The most feature-rich open-source tool is currently Dynamic Mapper.
It not only connects to MQTT Service (via Apache Pulsar), but is also very powerful in terms of mapping logic. You can use either graphical mappings or JavaScript/Java code-mappings for multiple payload formats both with full AI Agent support, so you can key in your requirement in natural language and the AI Agents will generate the mappings for you. It performs the job in a highly optimized, scalable way and has all the design principles discussed in this article already implemented, so you can focus purely on your mapping logic.
Additionally, if you prefer using a tool which is officially part of the product, there is currently a product in development that addresses somes of the implemented requirements of Dynamic Mapper, which is currently called “Inbound Data Preparation” (IDP) as a working title and will be available as a private preview in Q1 2026.
So, what you should take away before continue reading: You don’t have to implement a custom microservice for integrating data from MQTT Service to Cumulocity but in some use cases it is definitely valid to do so.
Understanding the Architecture
Let’s get started by understanding the architecture of MQTT Service.
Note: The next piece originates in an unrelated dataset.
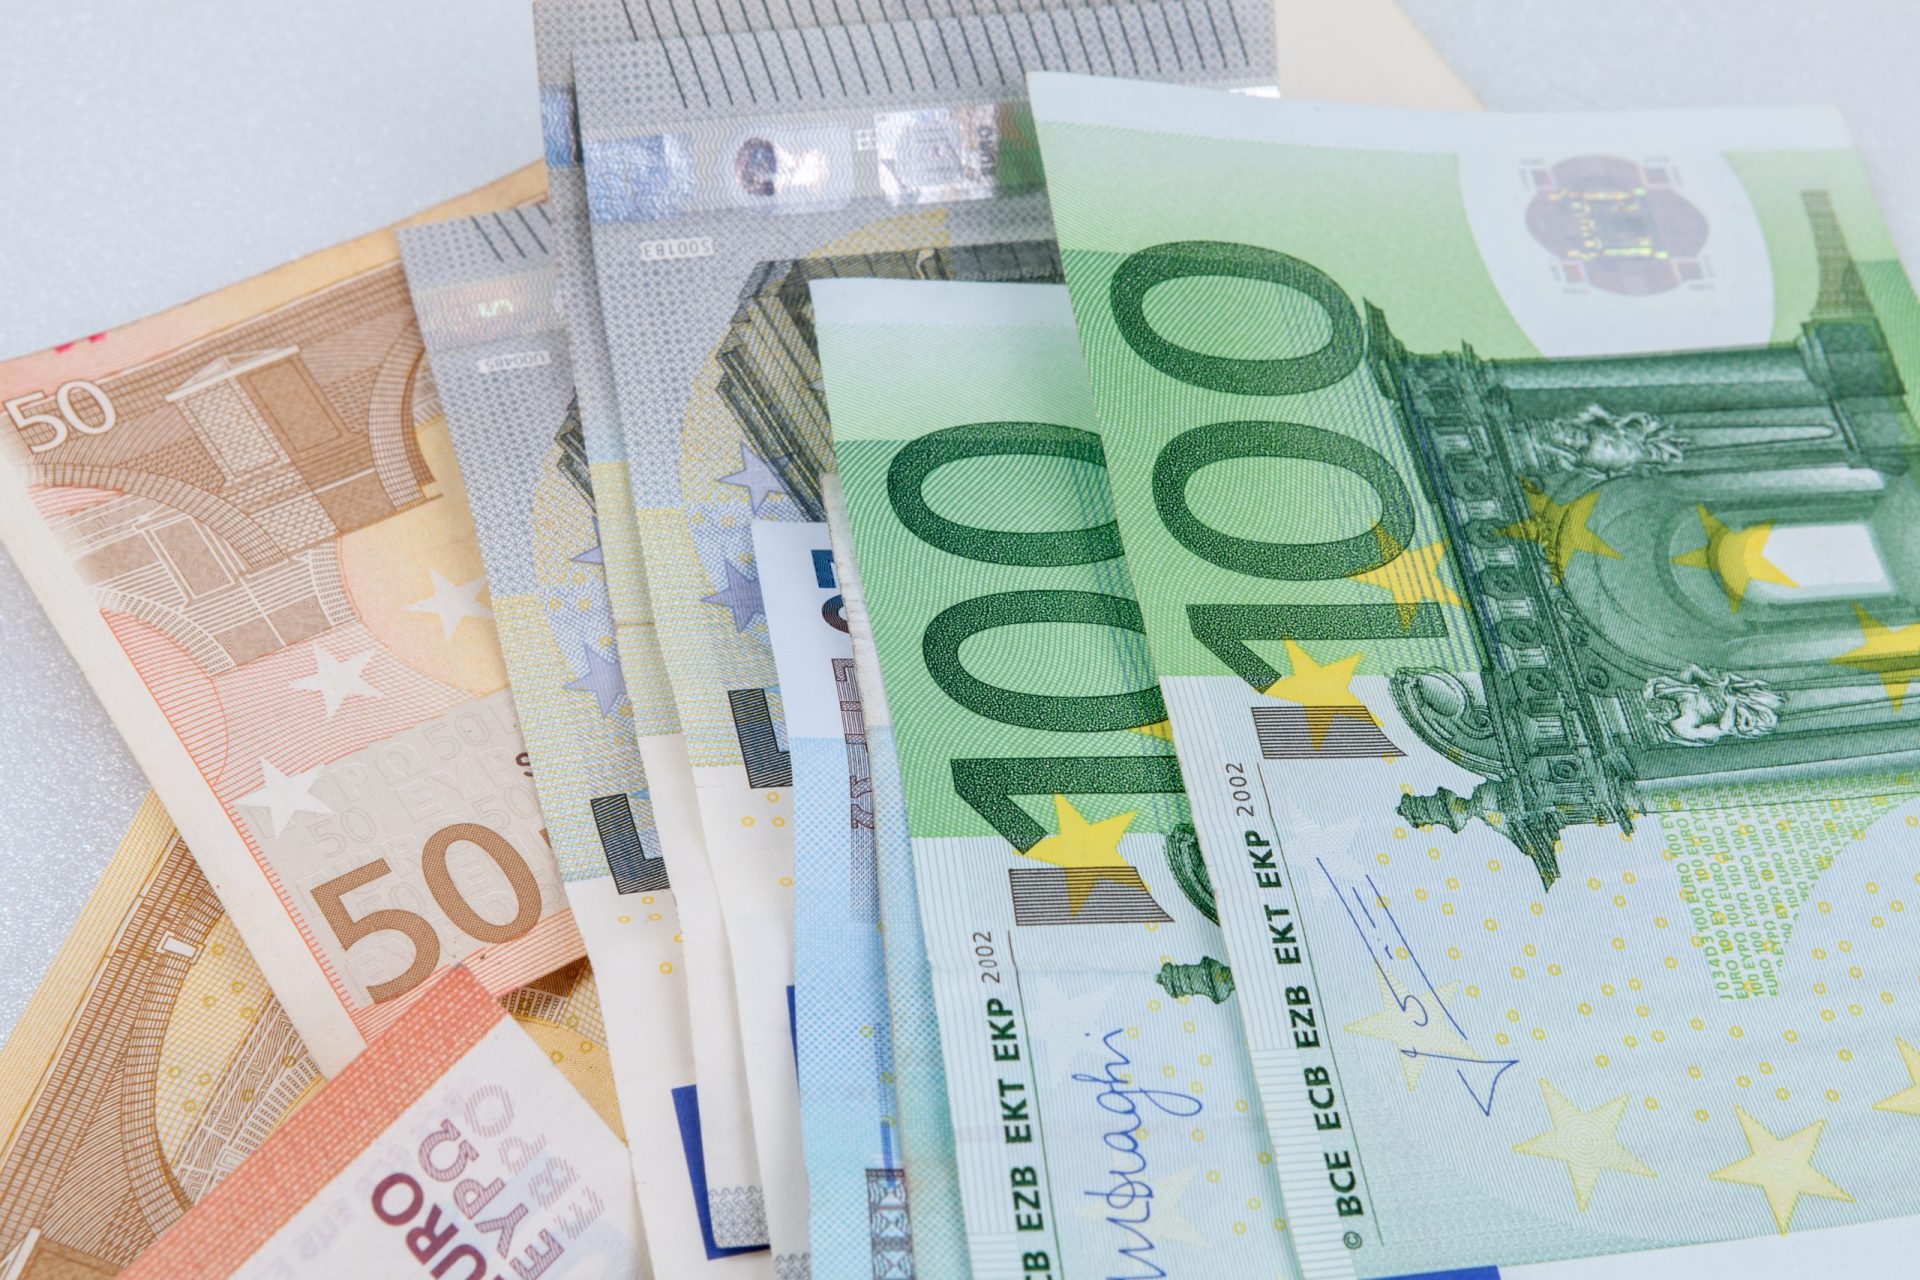 Arrumador de carros encontrou sete mil euros… e devolveu-os

If you haven’t already, please check the available documentation for connecting microservices & applications to MQTT Service.
To summarize:
Devices are connected via the MQTT protocol- Due to device isolation, applications cannot subscribe to messages from other devices via MQTT
- Each device message is forwarded to the Pulsar messaging service
- All MQTT topics & messages are merged into two Pulsar topics only
- Applications must use a Pulsar client to consume/publish messages from/to MQTT Service
- At the Pulsar messaging service level, only two topics are relevant:
- from-device - contains all messages coming from devices
- to-device - contains all messages that should be sent to devices
To implement a custom microservice, we need the following:
A Pulsar client- A Cumulocity client
- Both wrapped in a microservice that can be deployed to Cumulocity
All of this is language-agnostic, so we can potentially use any programming language of choice.
For this article, I decided to use the Cumulocity Microservice Java SDK, which also includes a Cumulocity Client and the official Apache Pulsar Java client.
There is also another example implemented in Python, which can be found here:
Design Principles
Having understood the common architecture, the following design principles can be defined:
1. Scaling
Keeping in mind that we only have one topic to consume from and we potentially receive ALL messages from ALL devices there, scaling is a critical success criterion for our microservice.
Scaling can mean that our microservice uses available resources efficiently (vertical scaling) or that we spawn additional instances of our microservice (horizontal scaling). For horizontal scaling, we need to ensure that messages are distributed round-robin and not to every instance. This is achieved by using a (key) shared subscription in Pulsar.
2. Don’t Block!
When receiving messages, we first need to filter them, directly acknowledging messages that we don’t need and asynchronously processing those that are relevant to our application. Whether a message is relevant can be defined on multiple levels: the MQTT topic, the payload, or even attributes like the clientId.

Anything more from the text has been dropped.